• _COLLECTED MATERIAL_
○ ○ ○ ○ ○ ○ ○

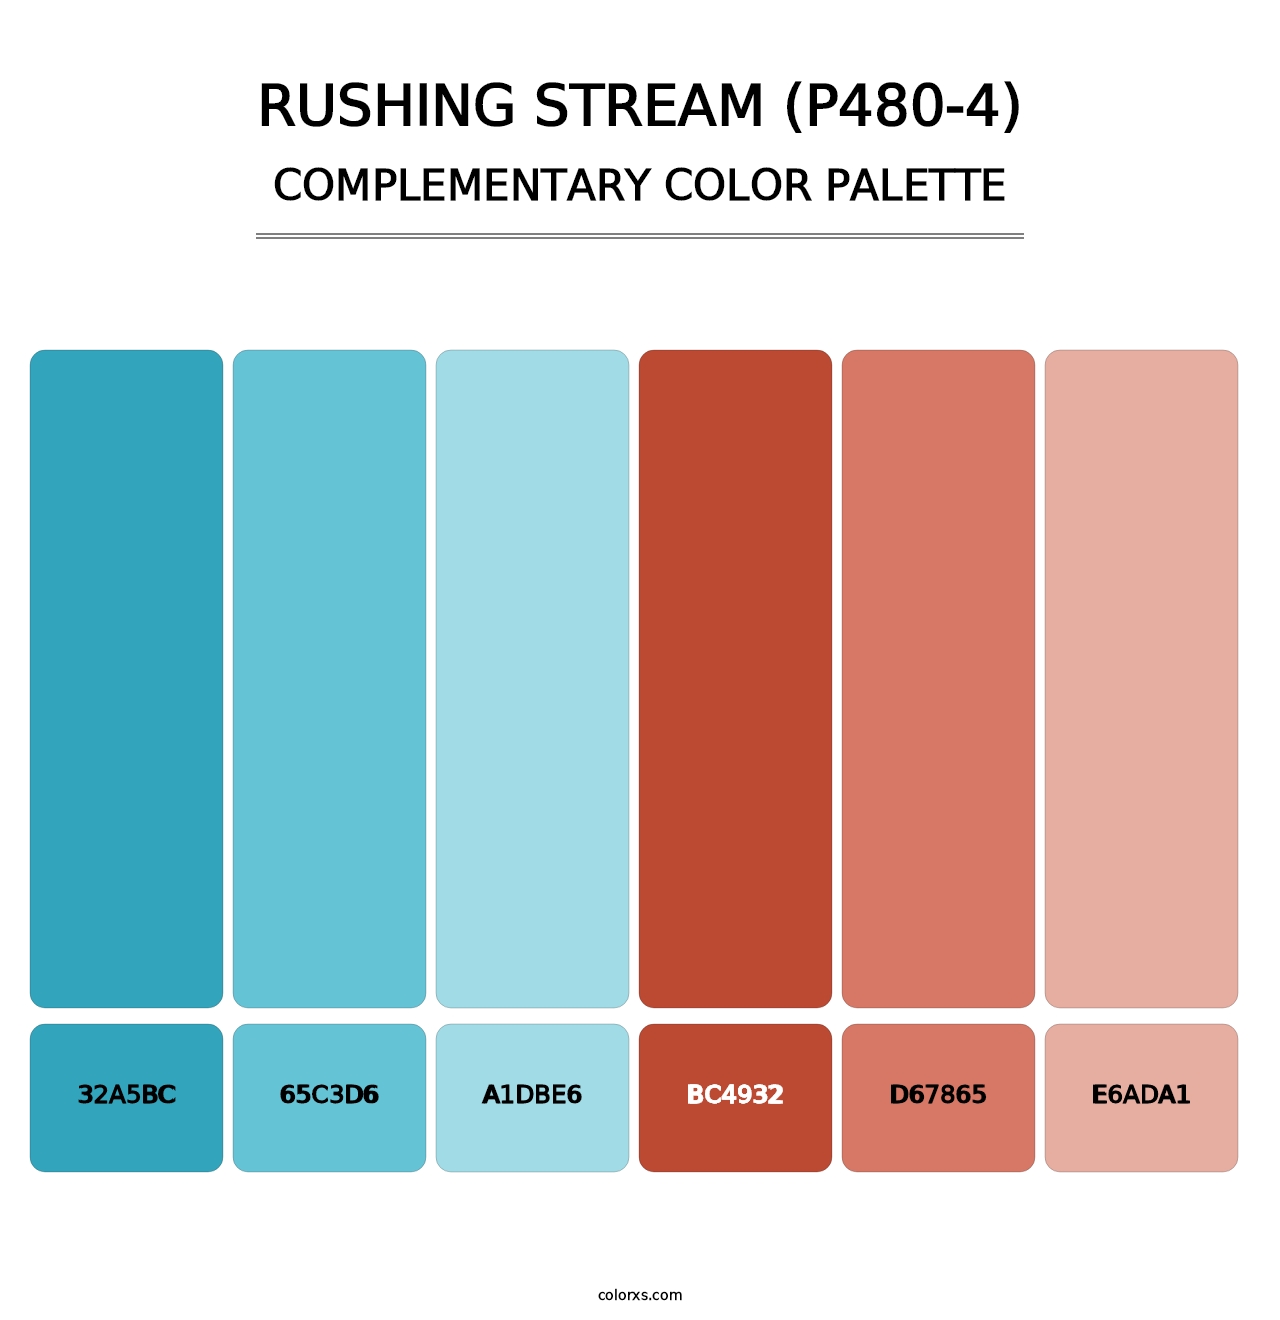 Rushing Stream (P480-4) - Complementary Color Palette
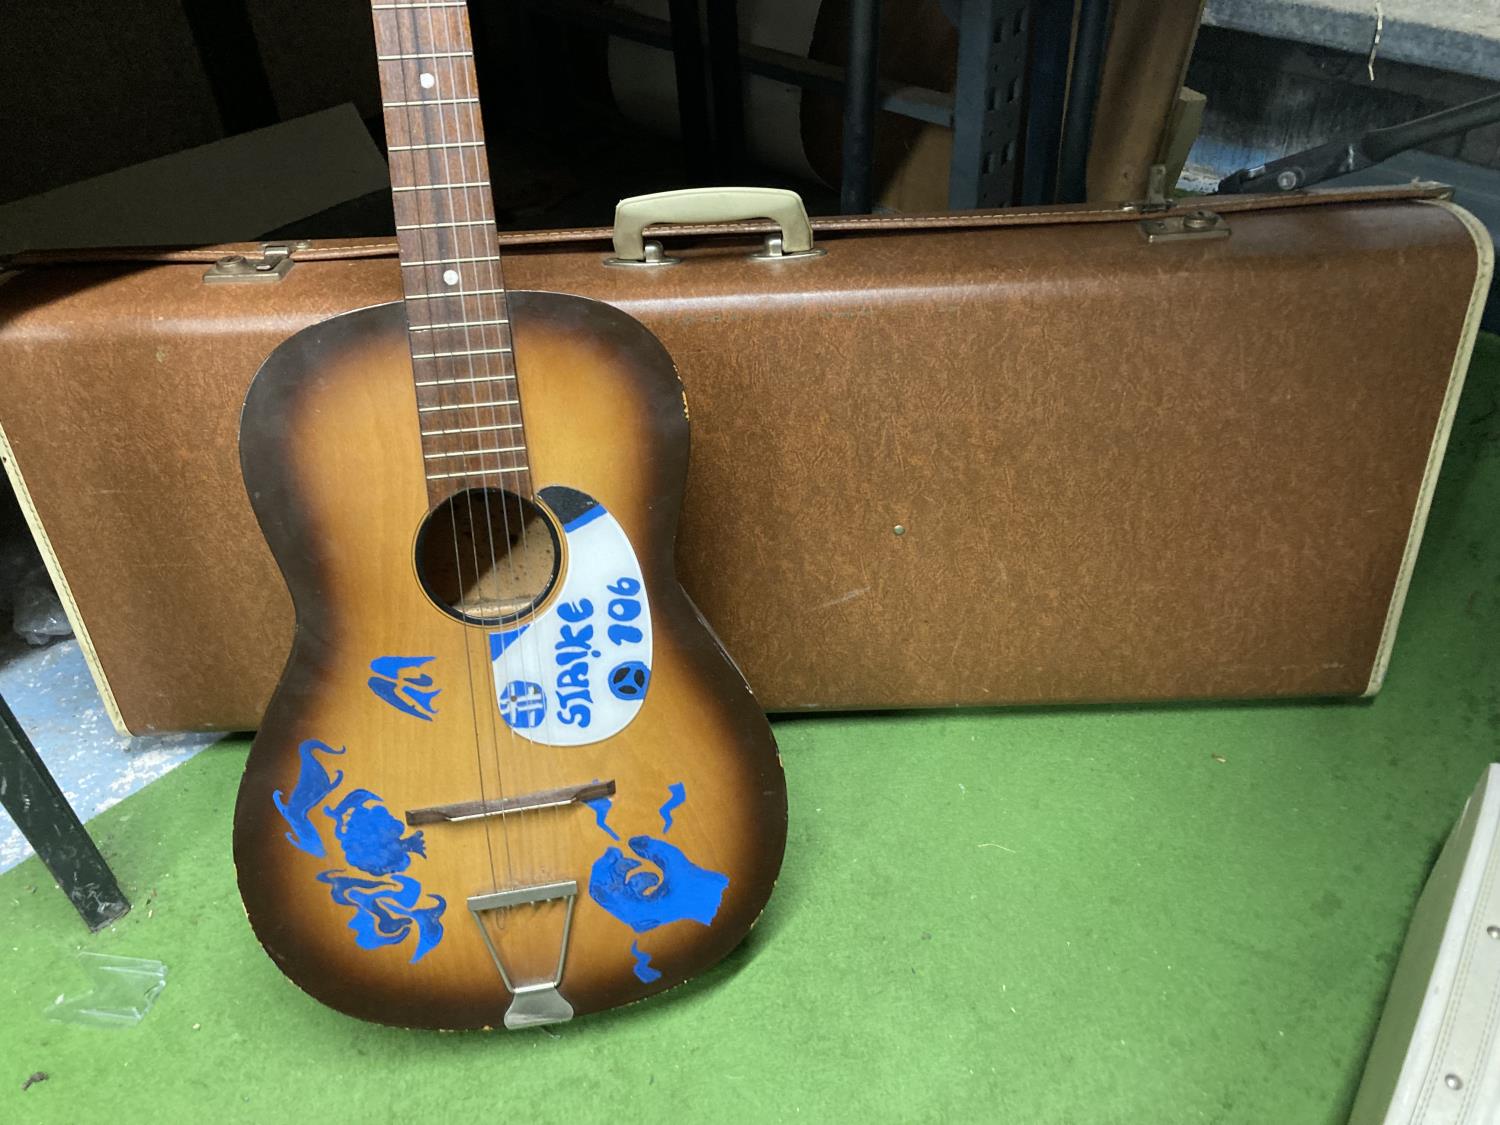 A VINTAGE ACOUSTIC GUITAR AND CASE - Image 2 of 4
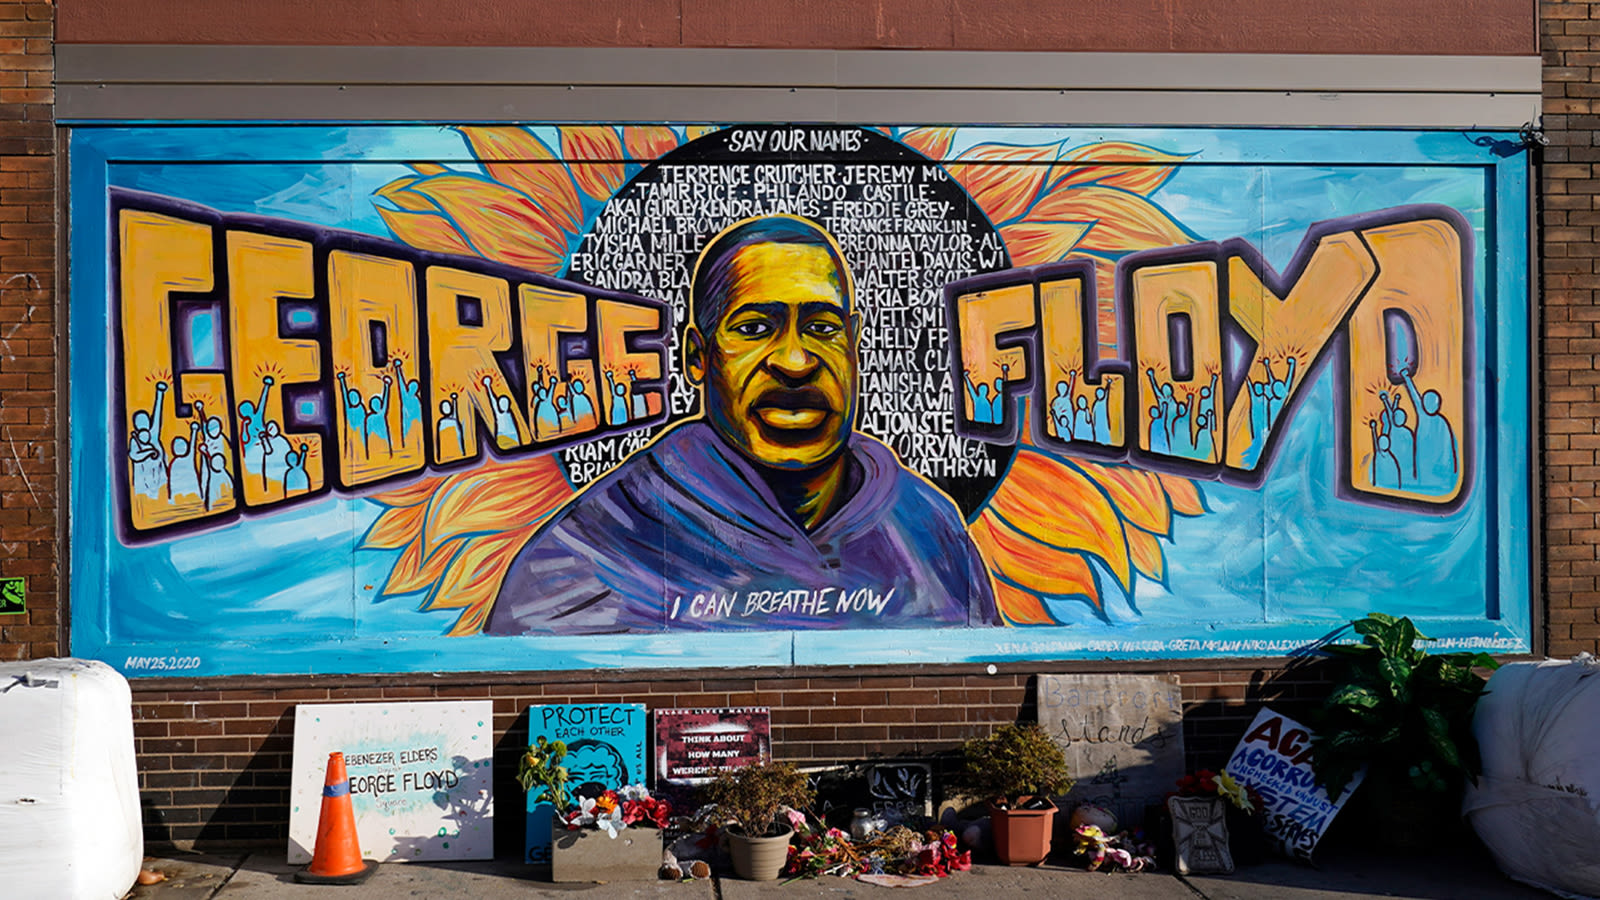 George Floyd's family calls on Congress to pass police reform, 4 years after his murder
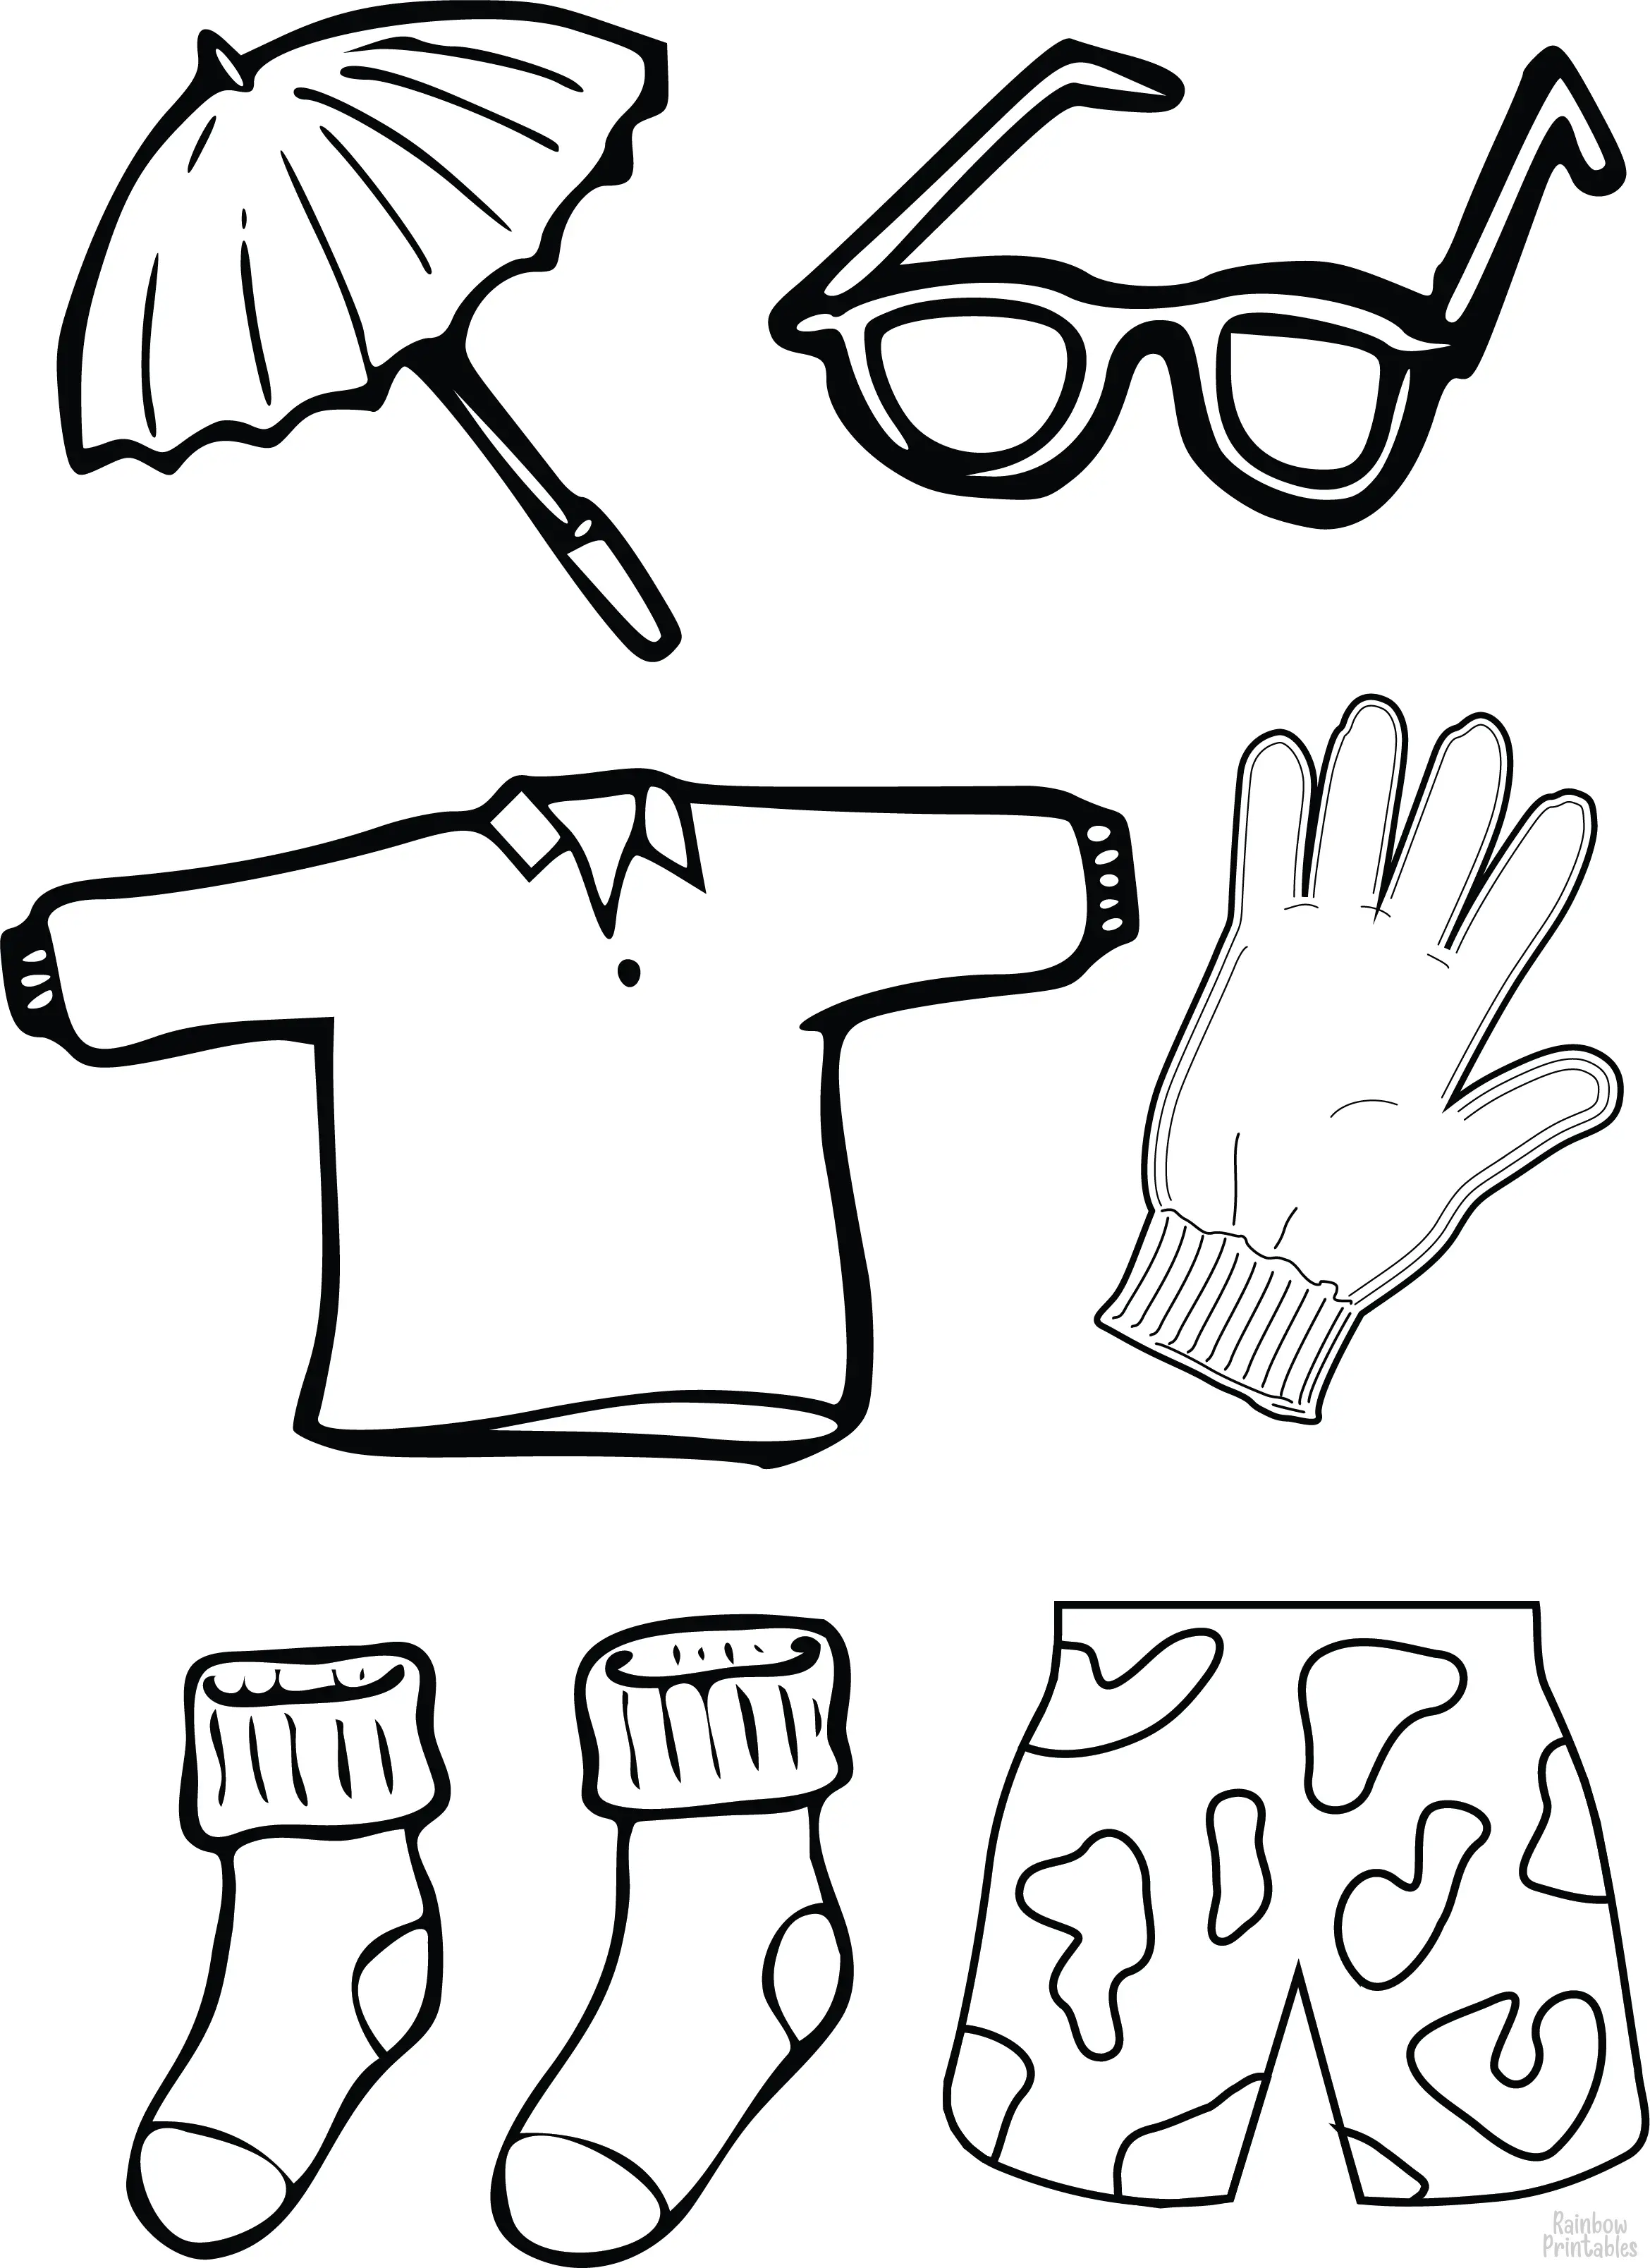 Clothing Set Shirt Socks Glove Umbrella Sun Glasses Coloring Activity Pages for Kids

○ ○ ○ ○ ○ ○ ○

• _YOUR TASK_
A verbatim transcription of the listing is expected, with no pictures included.

• _SOLVED PROBLEM_
 Rushing Stream (P480-4) - Complementary Color Palette
 A VINTAGE ACOUSTIC GUITAR AND CASE - Image 2 of 4
 George Floyd's family calls on Congress to pass police reform, 4 years after his murder
 Clothing Set Shirt Socks Glove Umbrella Sun Glasses Coloring Activity Pages for Kids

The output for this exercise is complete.